EXERCISE DATA below:

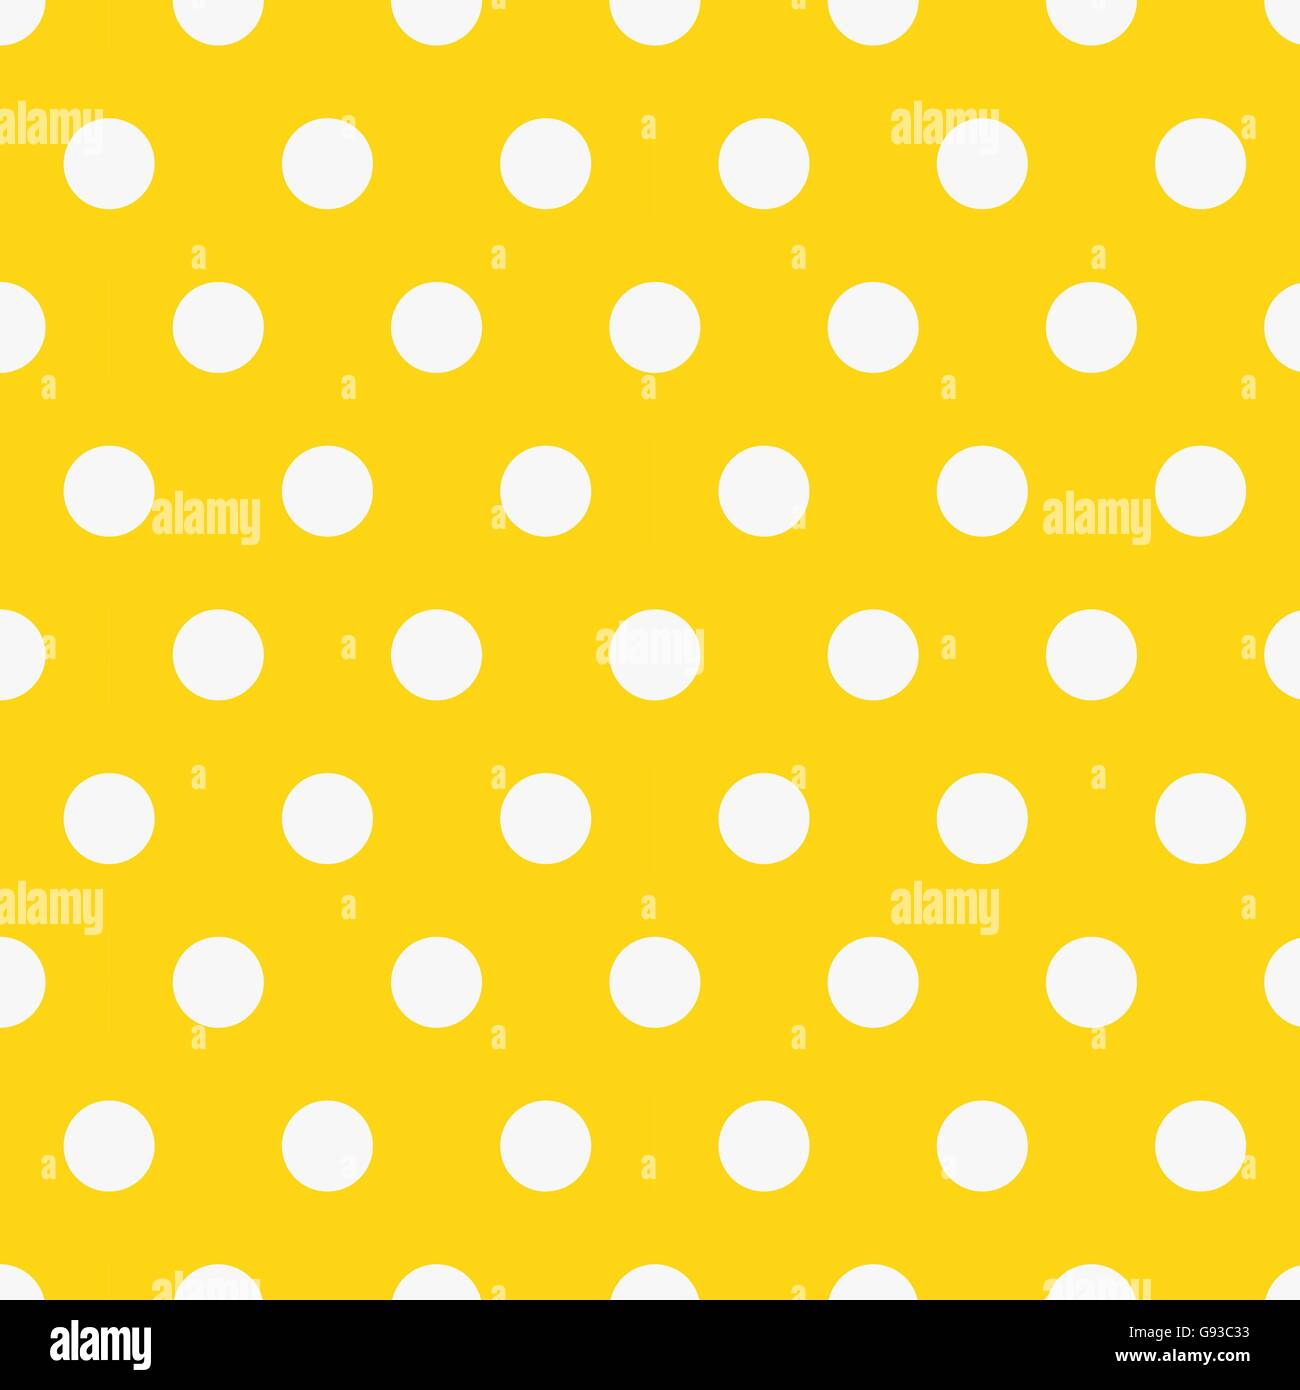 Seamless polka dot pattern background Stock Vector
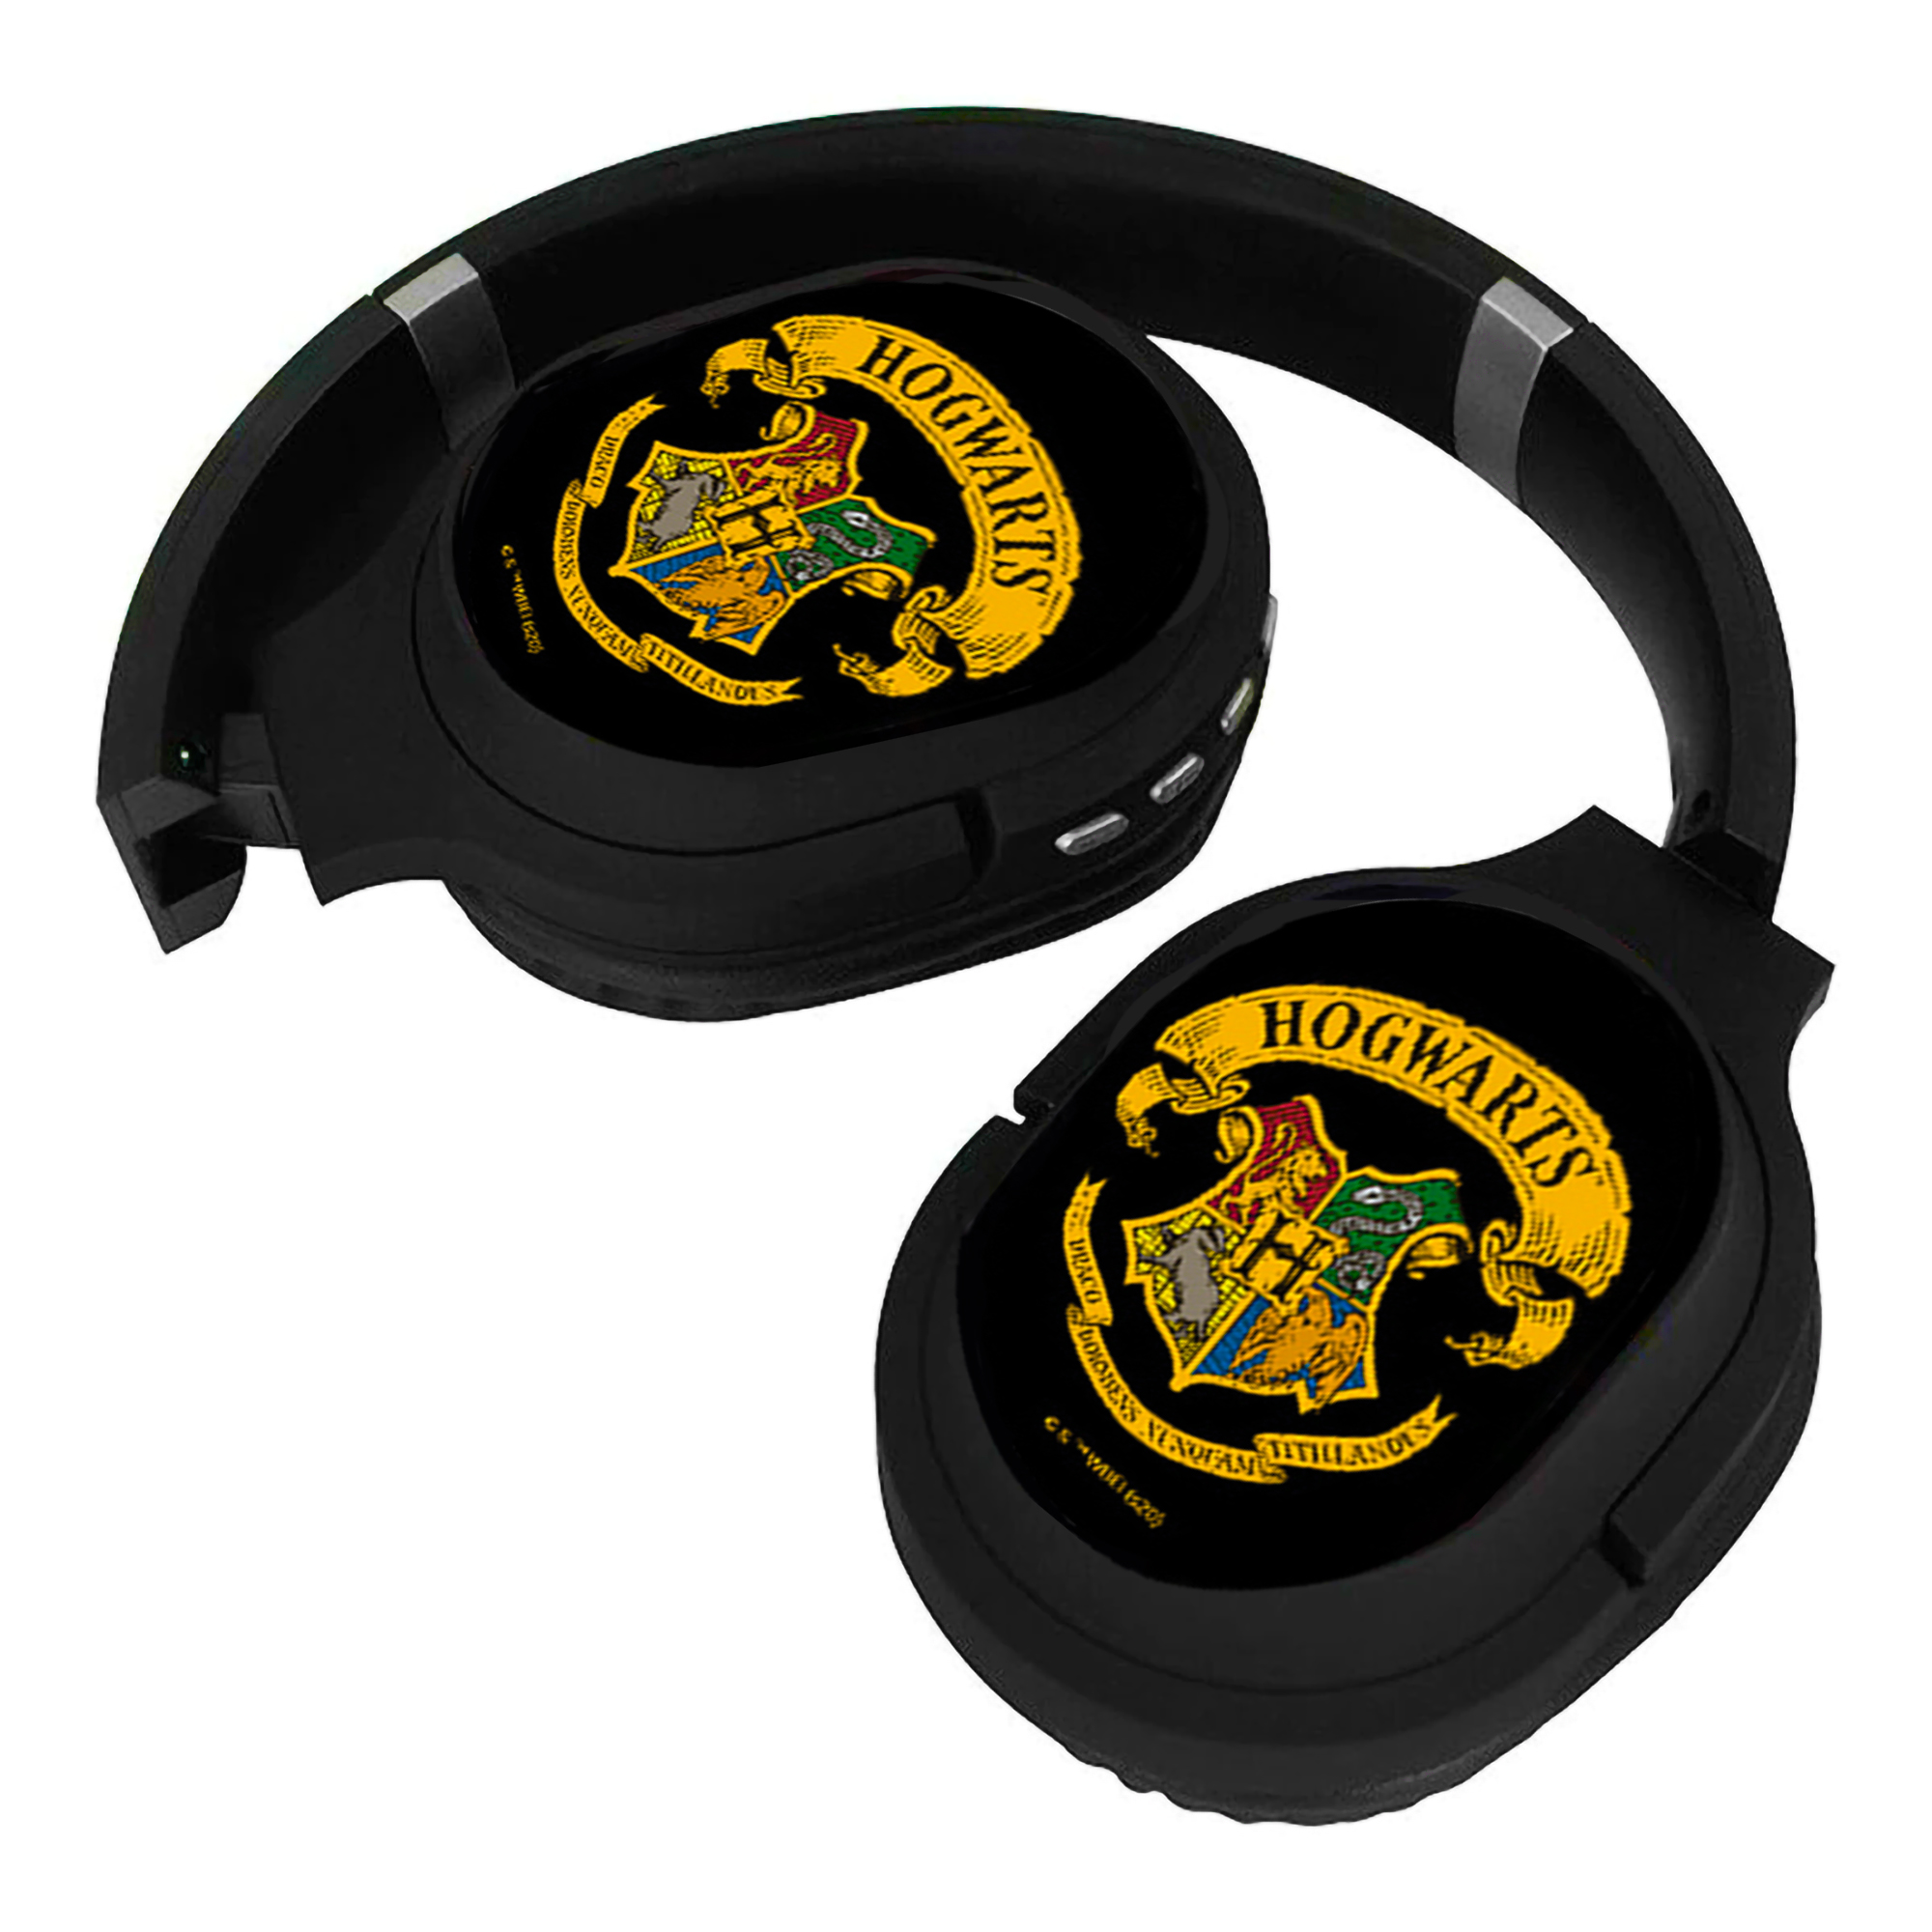 Auscultadores Bluetooth Harry Potter Hogwarts - Headphones sem fio | Sport Zone MKP
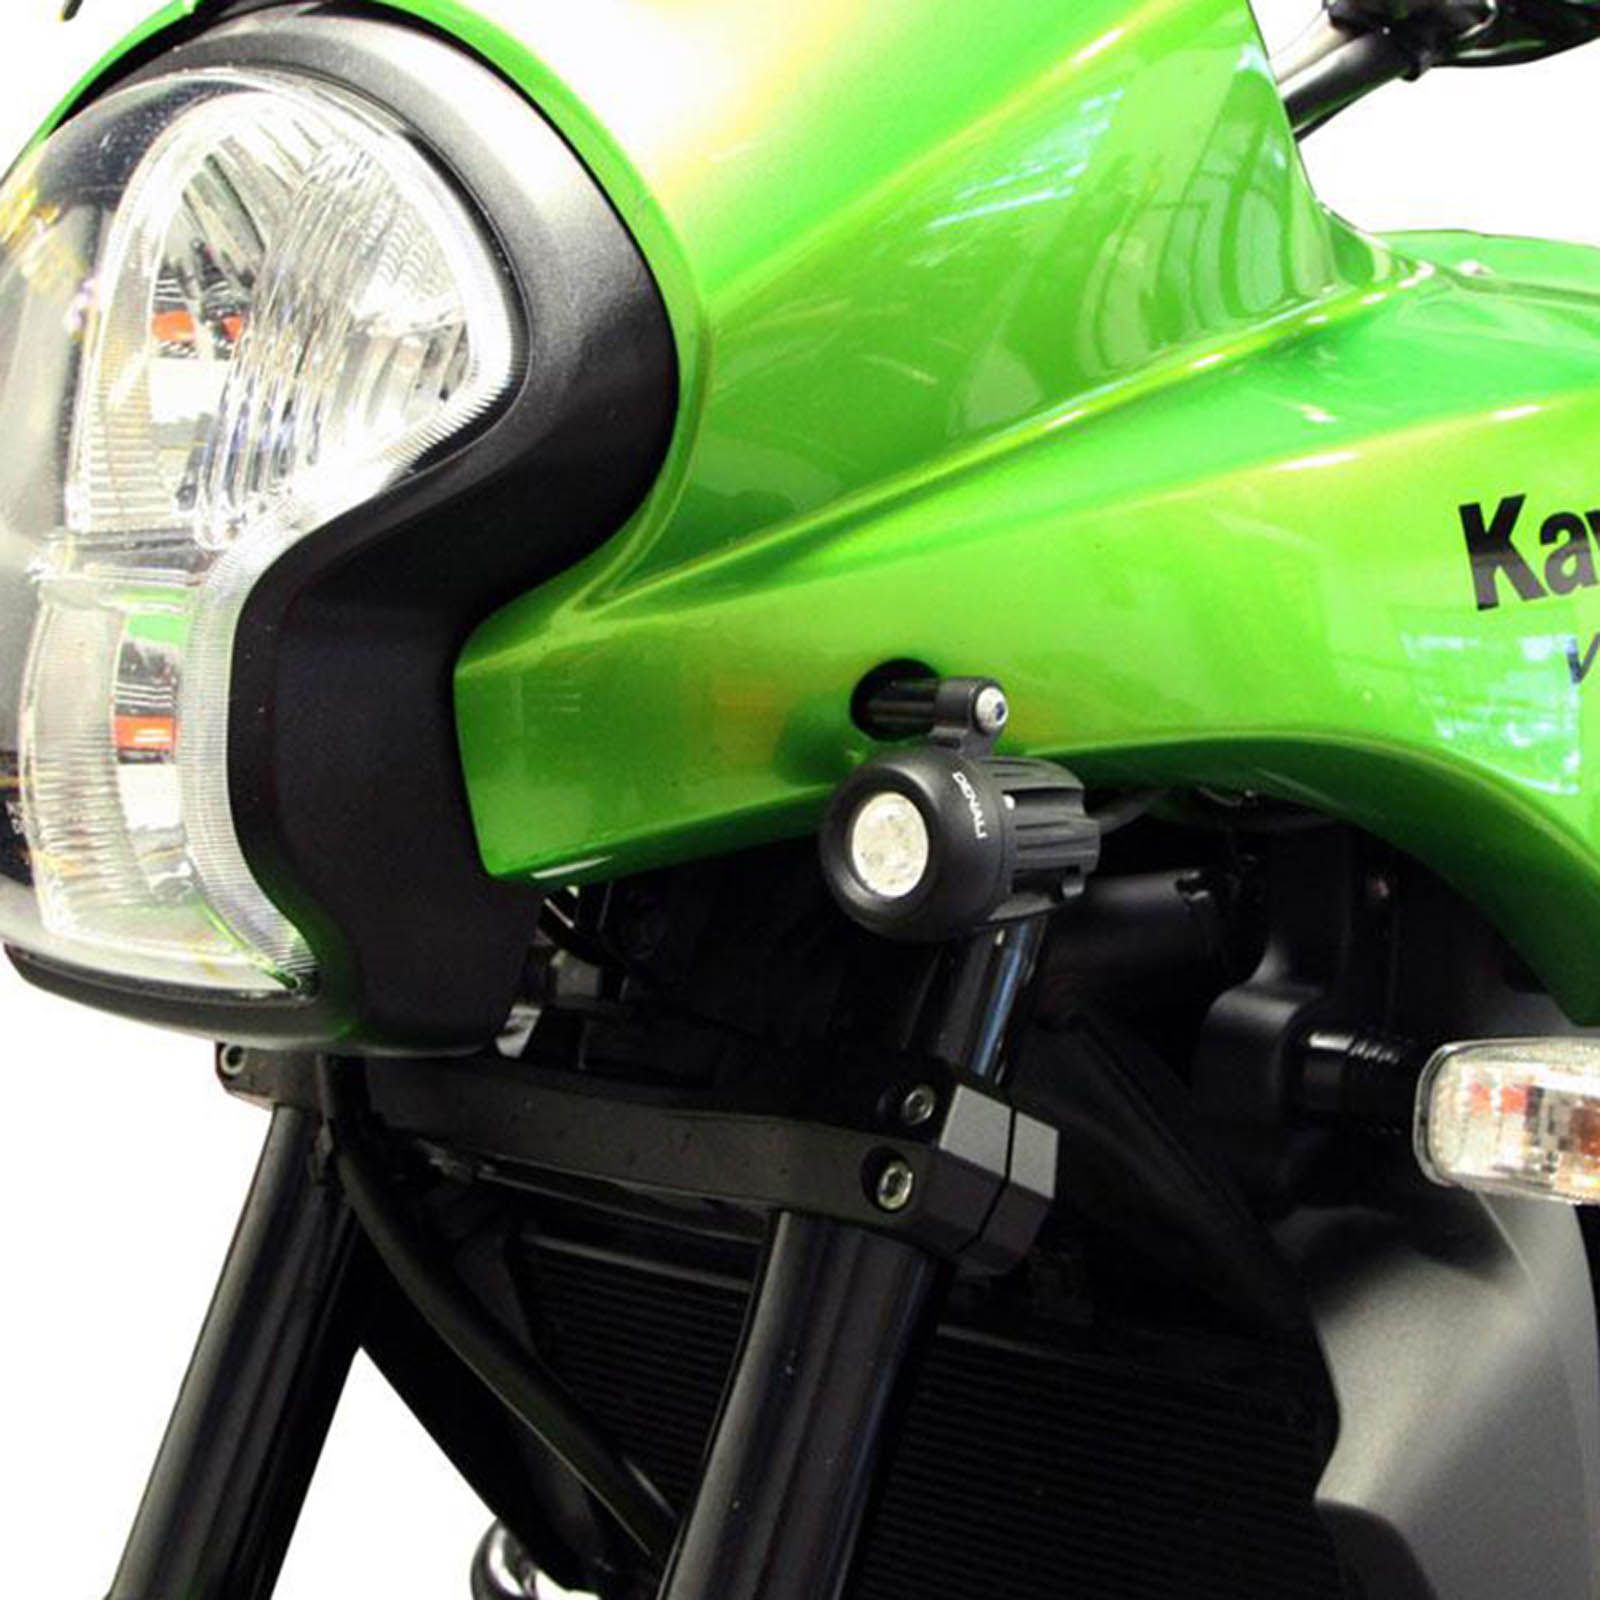 DENALI Light Mount Kit D2 & DM Lights For Kawasaki VERSY 650 2007-2009

End of EXERCISE DATA.

→ EXERCISE REQUIREMENTS:
Every word of the material above should be copied exactly; no pictures.

→ ANSWER BOX:
 Seamless polka dot pattern background Stock Vector
 Auscultadores Bluetooth Harry Potter Hogwarts - Headphones sem fio | Sport Zone MKP
 DENALI Light Mount Kit D2 & DM Lights For Kawasaki VERSY 650 2007-2009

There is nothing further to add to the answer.